##### Given data #####
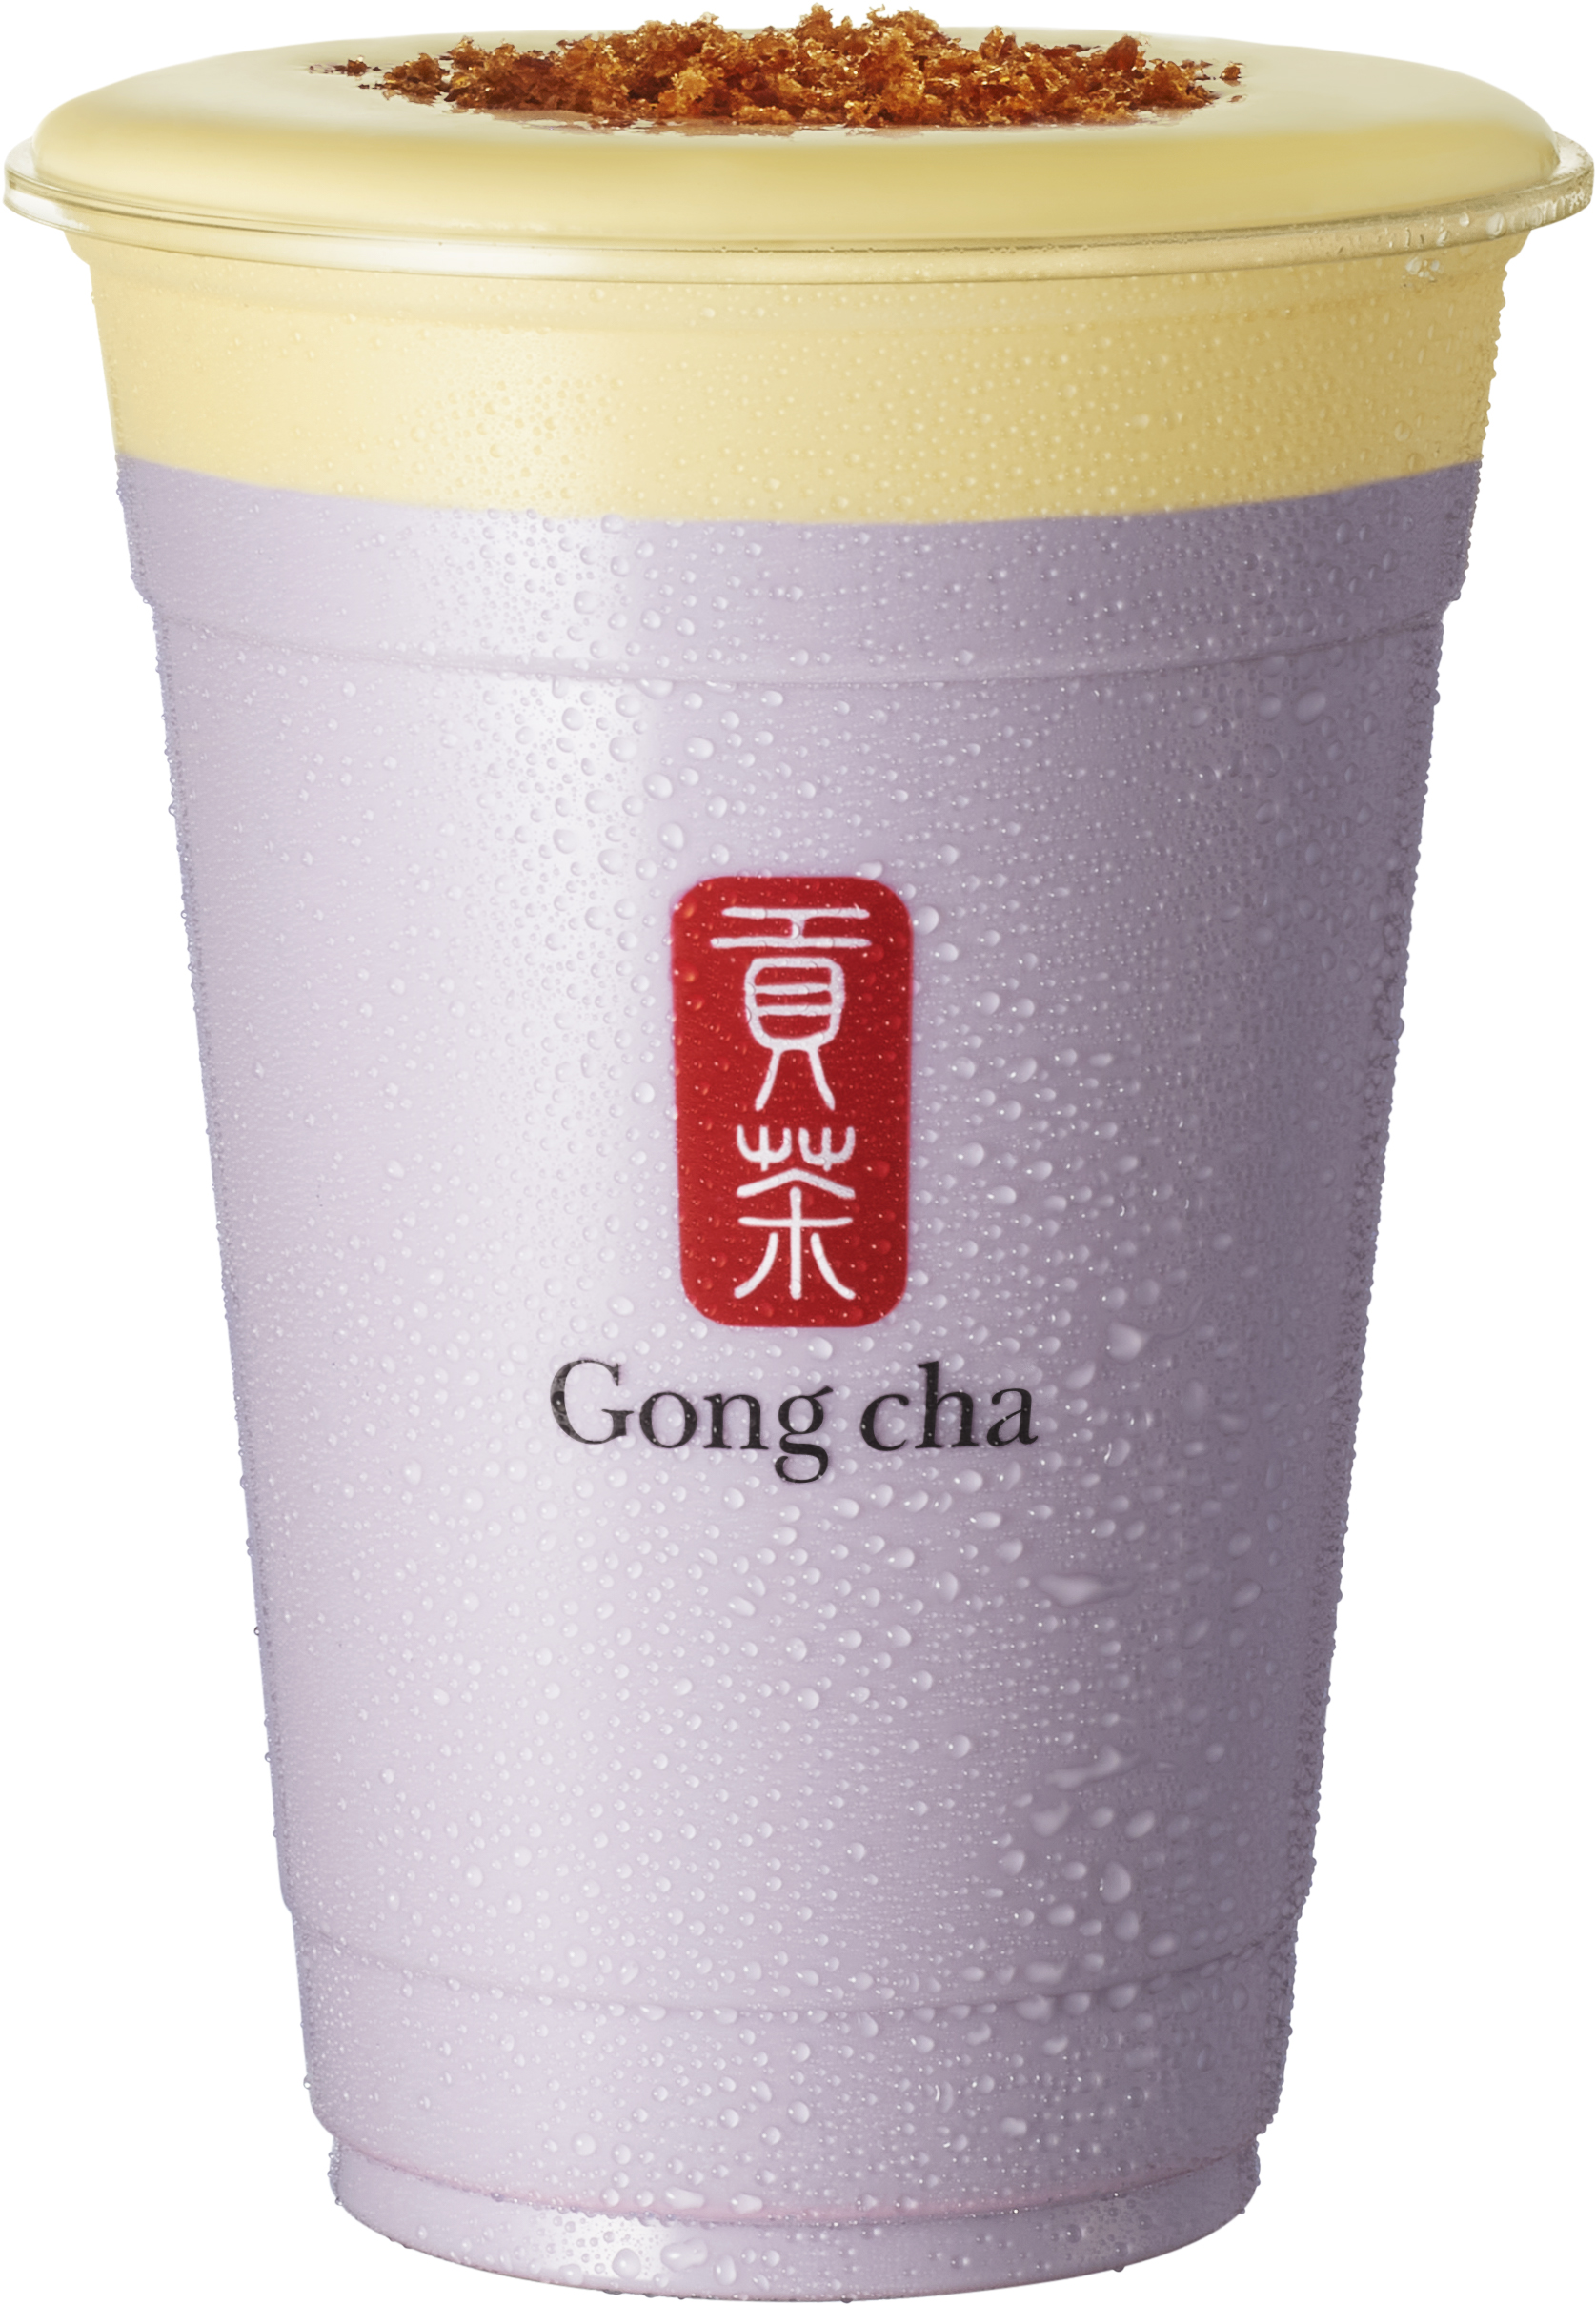 この秋、ゴンチャの新シリーズ発売！デザートのような味わい「Gong cha Tea Dessert」 第一弾は ”クレームブリュレ”のサブ画像3
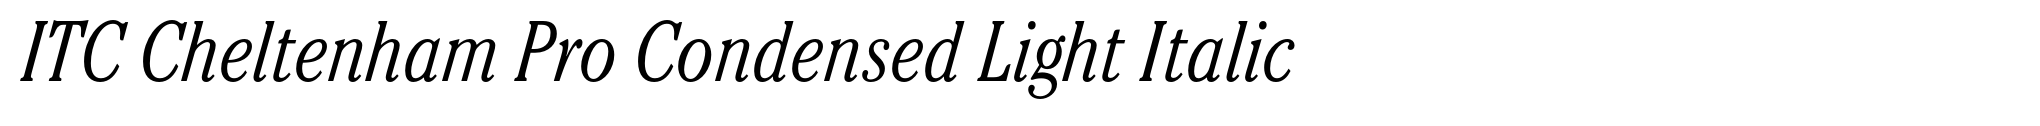 ITC Cheltenham Pro Condensed Light Italic image
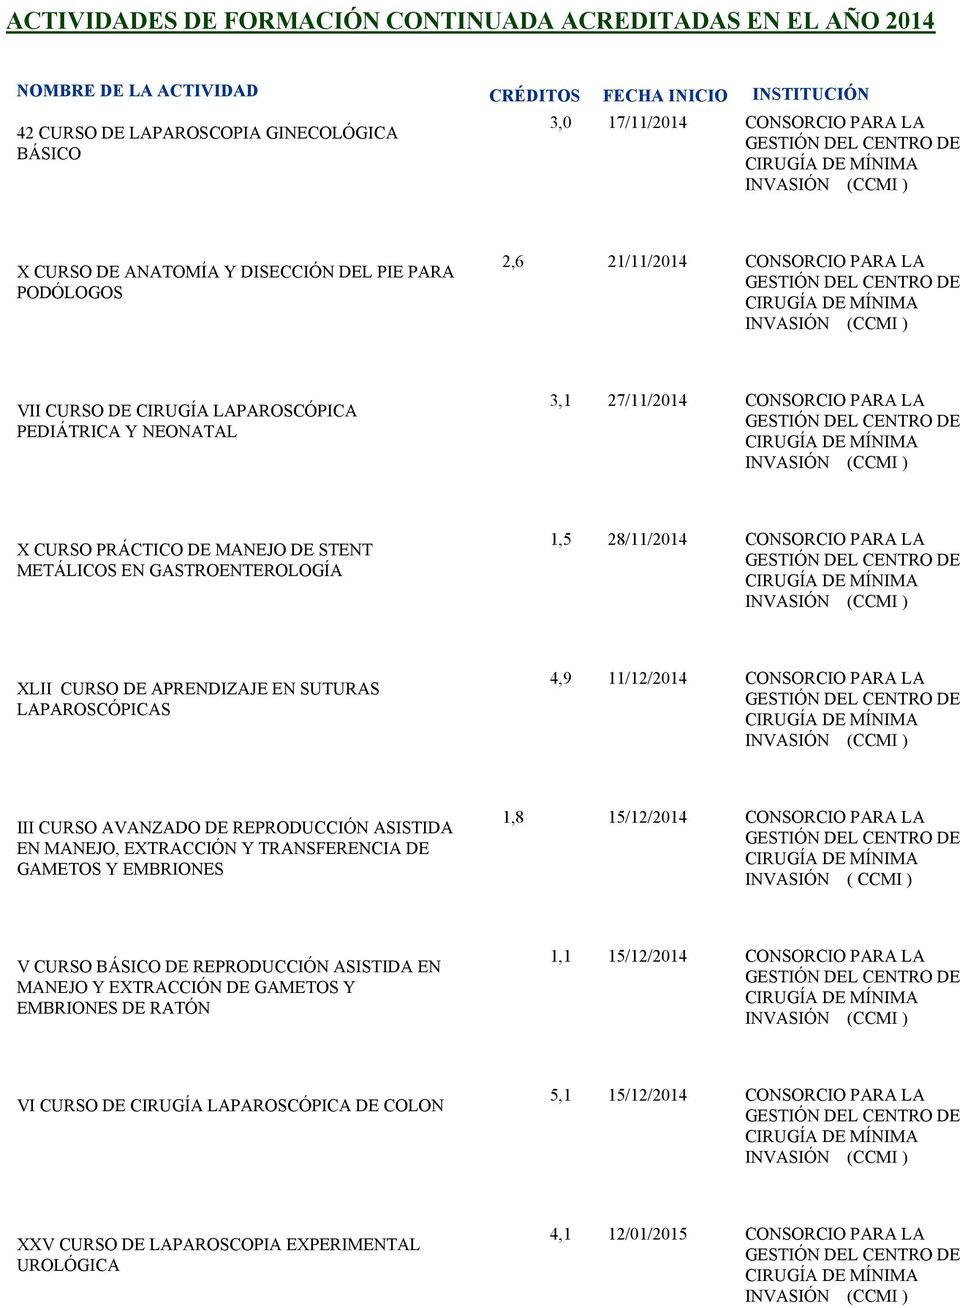 SUTURAS LAPAROSCÓPICAS 4,9 11/12/2014 CONSORCIO PARA LA III CURSO AVANZADO DE REPRODUCCIÓN ASISTIDA EN MANEJO, EXTRACCIÓN Y TRANSFERENCIA DE GAMETOS Y EMBRIONES 1,8 15/12/2014 CONSORCIO PARA LA
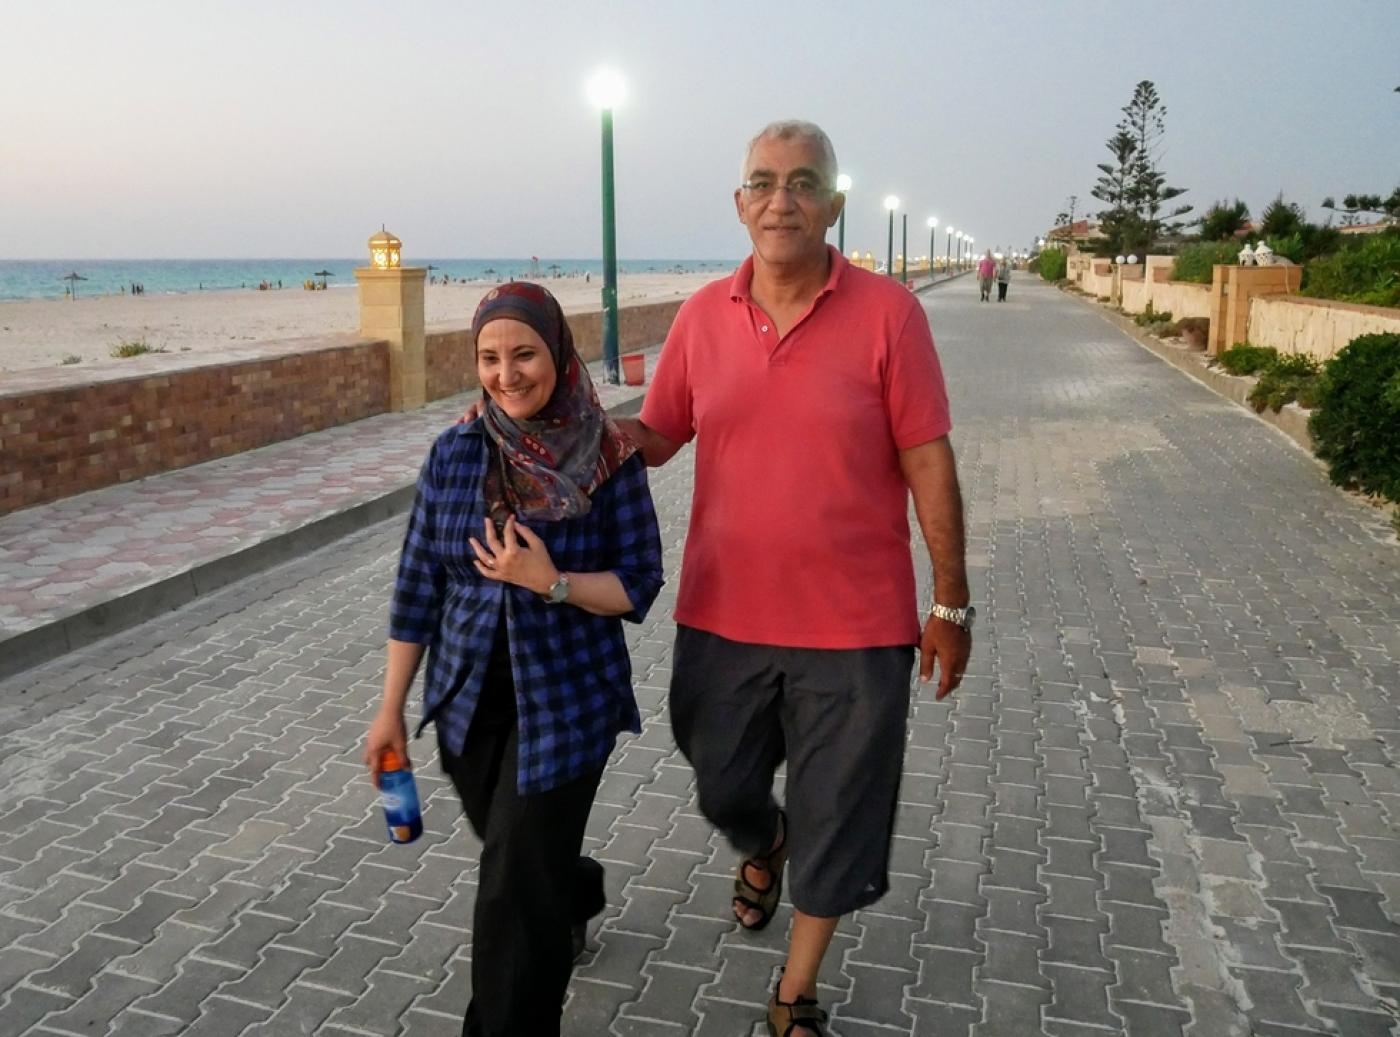 Qaradawi was arrested with her husband Hosam Khalaf in 2017
#####
• _The task_
Reproduce the data exactly as it appears above. Pictures are to be left out.

• _Solution for this exercise_
 この秋、ゴンチャの新シリーズ発売！デザートのような味わい「Gong cha Tea Dessert」 第一弾は ”クレームブリュレ”のサブ画像3
 ITC Cheltenham Pro Condensed Light Italic image
 SUTURAS LAPAROSCÓPICAS 4,9 11/12/2014 CONSORCIO PARA LA III CURSO AVANZADO DE REPRODUCCIÓN ASISTIDA EN MANEJO, EXTRACCIÓN Y TRANSFERENCIA DE GAMETOS Y EMBRIONES 1,8 15/12/2014 CONSORCIO PARA LA
 Qaradawi was arrested with her husband Hosam Khalaf in 2017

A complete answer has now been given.